= Data provided =
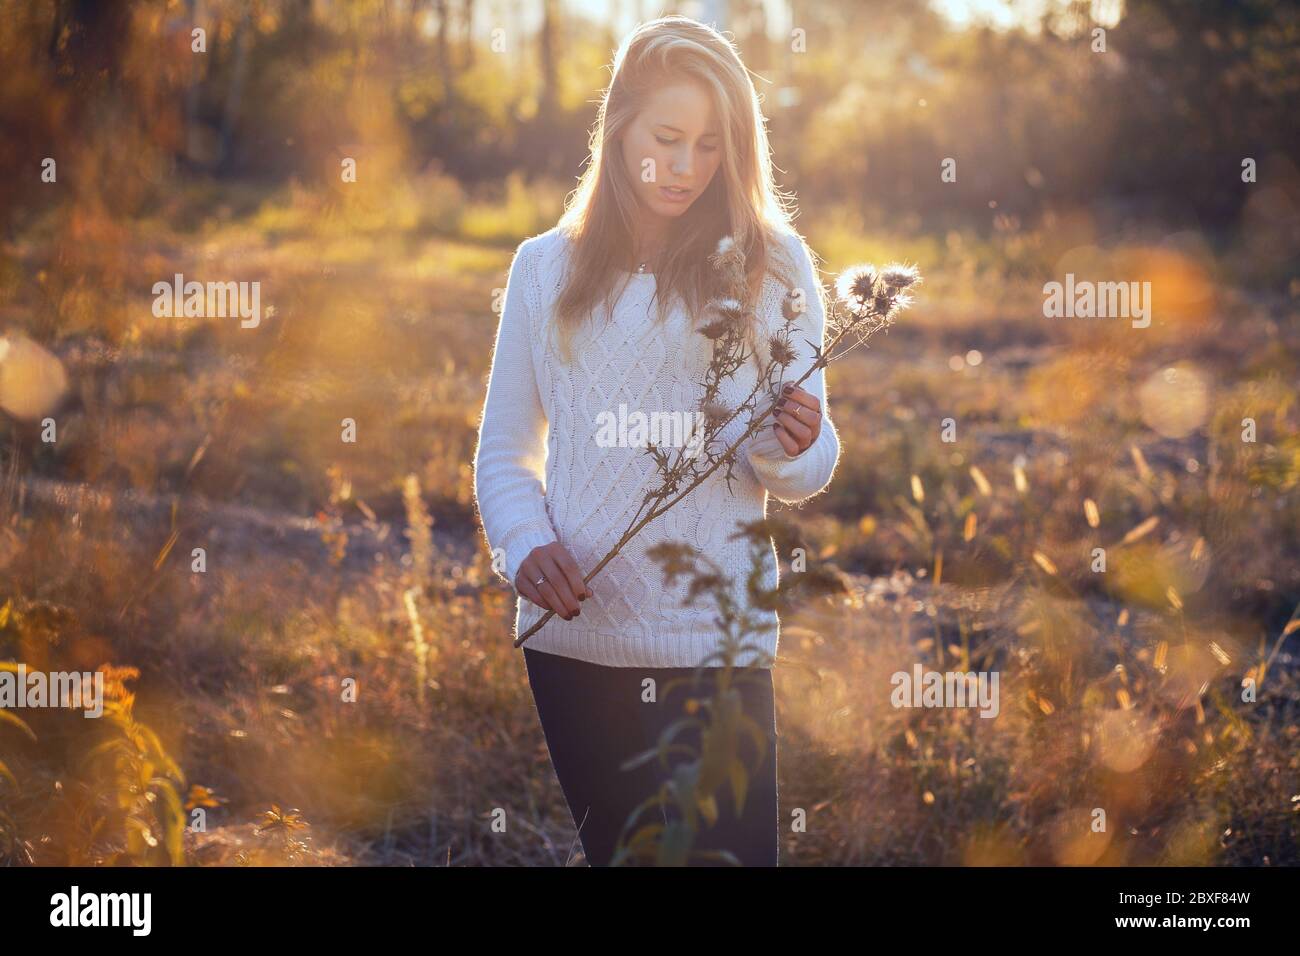 Attraktive junge Frau posiert in einem Feld mit trockenen Blumen. Sonnenhintergrundbeleuchtung im Porträt Stockfoto
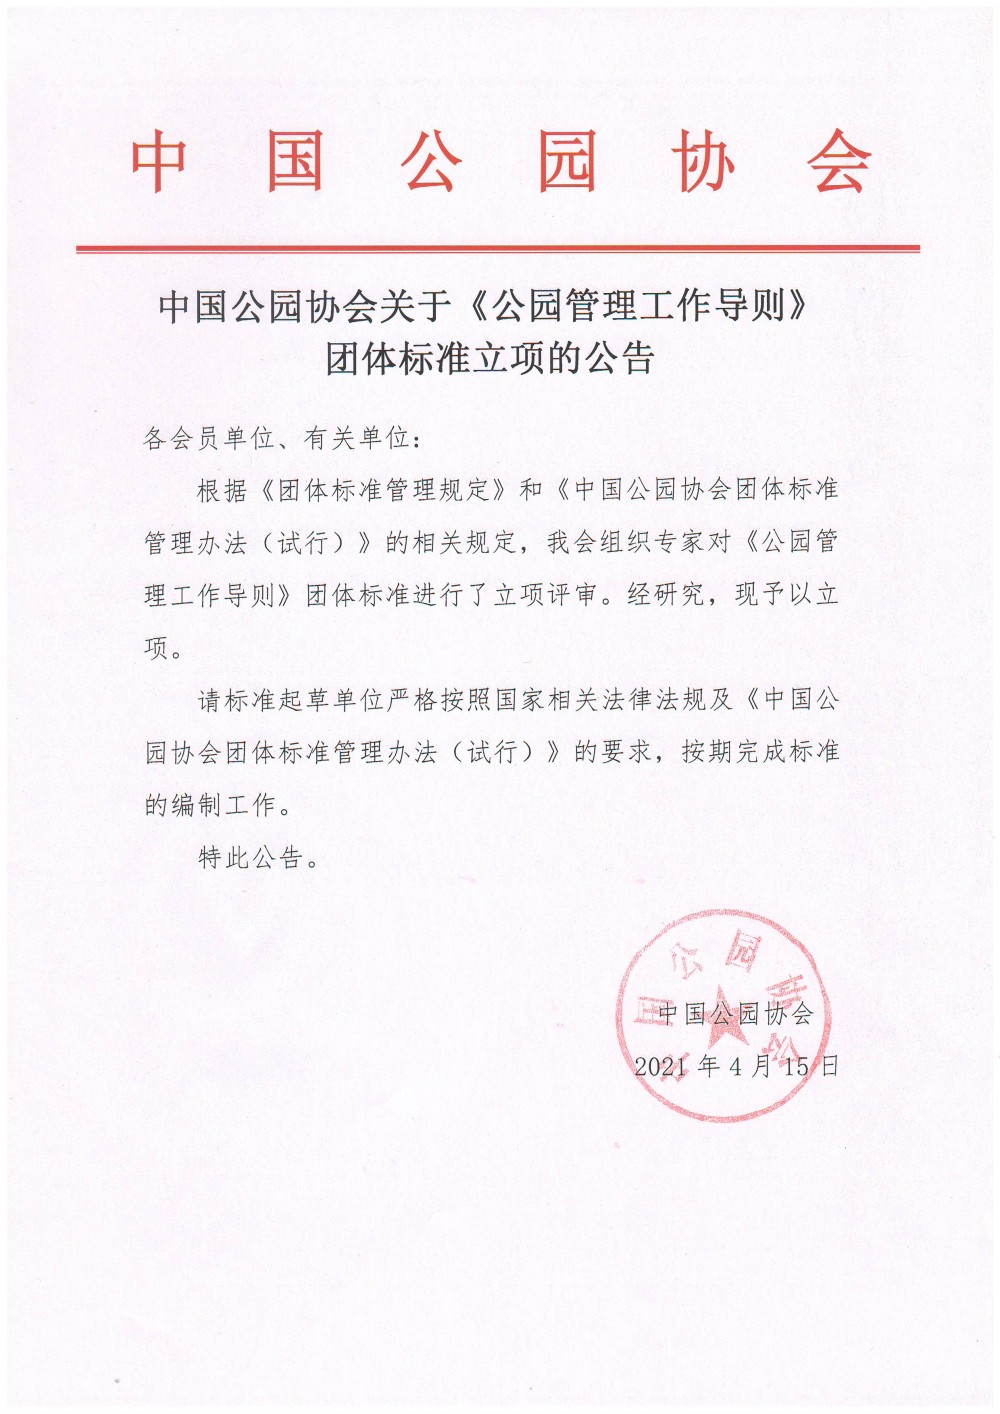 中国公园协会关于《公园管理工作导则》团体标准立项的公告
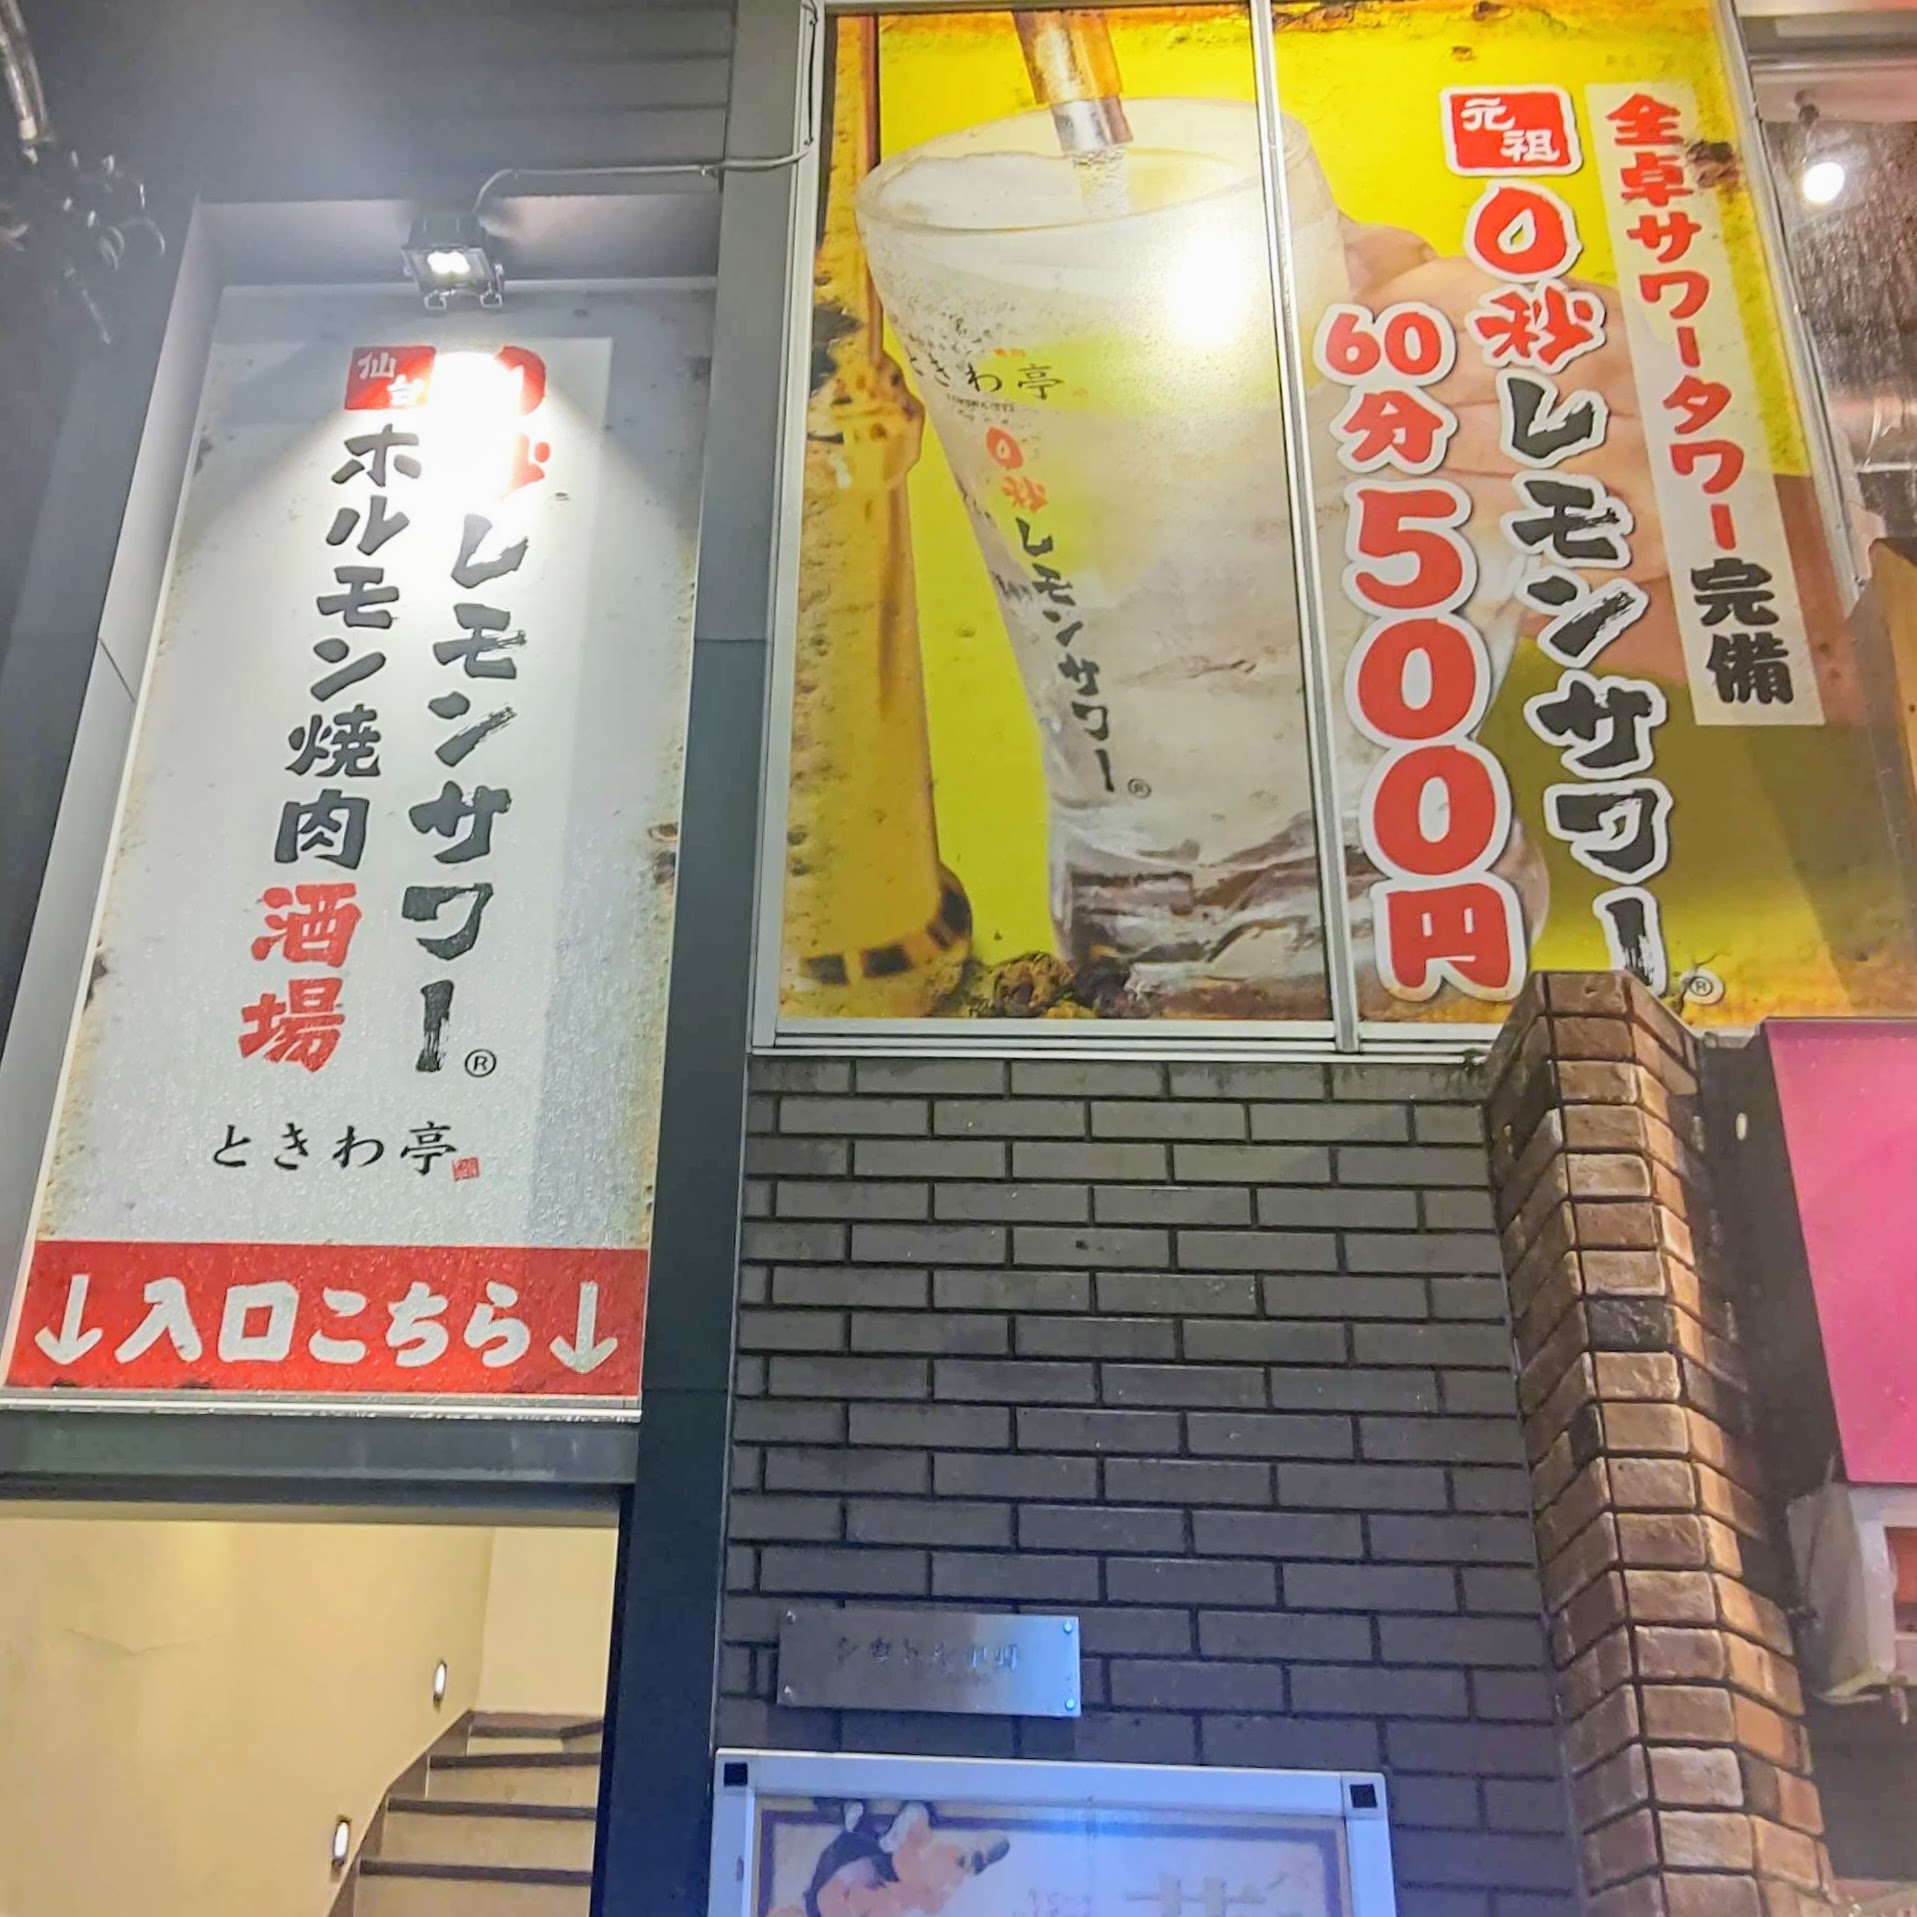 0秒レモンサワー 仙台ホルモン焼肉酒場 ときわ亭 中野店

= To do =
The lines from the one containing "中国公园协会关于《公园管理工作导则》团体标准立项的公告" to the final line of the material, both ends included, should be retyped exactly and alone, with no pictures.

= Solution below =
 中国公园协会关于《公园管理工作导则》团体标准立项的公告
 0秒レモンサワー 仙台ホルモン焼肉酒場 ときわ亭 中野店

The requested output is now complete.